Dejaremos de lado el Santo Sudario de Turín para no herir susceptibilidades de orden religioso, pero el tejido más antiguo del mundo es el descubierto en Huaca Prieta-Perú, con 7.800 años de antigüedad, que develó un avanzado uso de algodón cultivado.
Hoy una camiseta que no se desjete a las 78 horas en un ciclo suave de una lavadora cualquiera es una gran novedad. Aunque no se asuma, hoy la ropa también es como los pañales: desechable. En el mundo se producen entre 80.000 y 150.000 millones de prendas de vestir de las que se vende o utiliza sólo el 40% y el planeta se está inundando de residuos textiles convertidos en trapos que se desechan como los pañitos húmedos: sucios y con un alto impacto ambiental.

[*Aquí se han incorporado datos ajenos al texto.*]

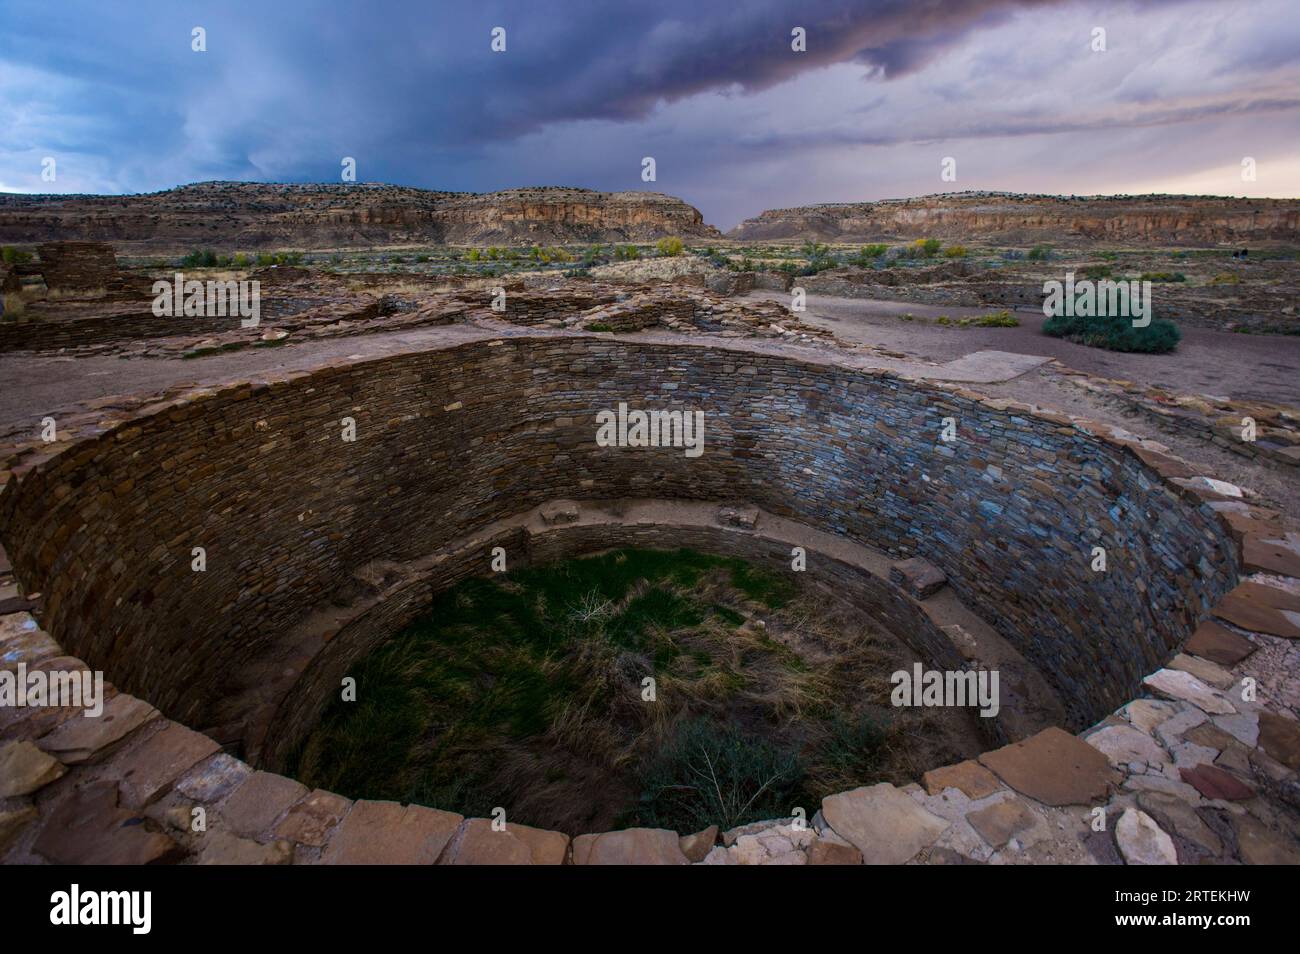 Pueblo Bonito at dusk, Chaco Culture National Historical Park, New Mexico, USA; New Mexico, United States of America Stock Photo

En medio de la COP16 se observan varias propuestas fashions que, por decir lo menos, van en contravía de los postulados ambientales que tanto se pregonan por estos días. Telas con estampados biodiversos cuyos procesos no han sido del todo benévolos con el planeta y que por su ligereza muy pronto irán a parar a la basura. (Hay un curioso stand en la Zona verde donde se venden aretes que utilizan las alas de las mariposas para su diseño. Es una buena apuesta para preservar una vida tan efímera como la conciencia ambiental). Las repercusiones ambientales de los residuos textiles no sólo incrementan las miserias del medio ambiente y los despojos arrojados a la naturaleza, sino también desvisten la sostenibilidad en términos de diferentes recursos como el agua, la energía, los químicos y la mano de obra que se utiliza en todos sus procesos, desde las telas hasta las prendas.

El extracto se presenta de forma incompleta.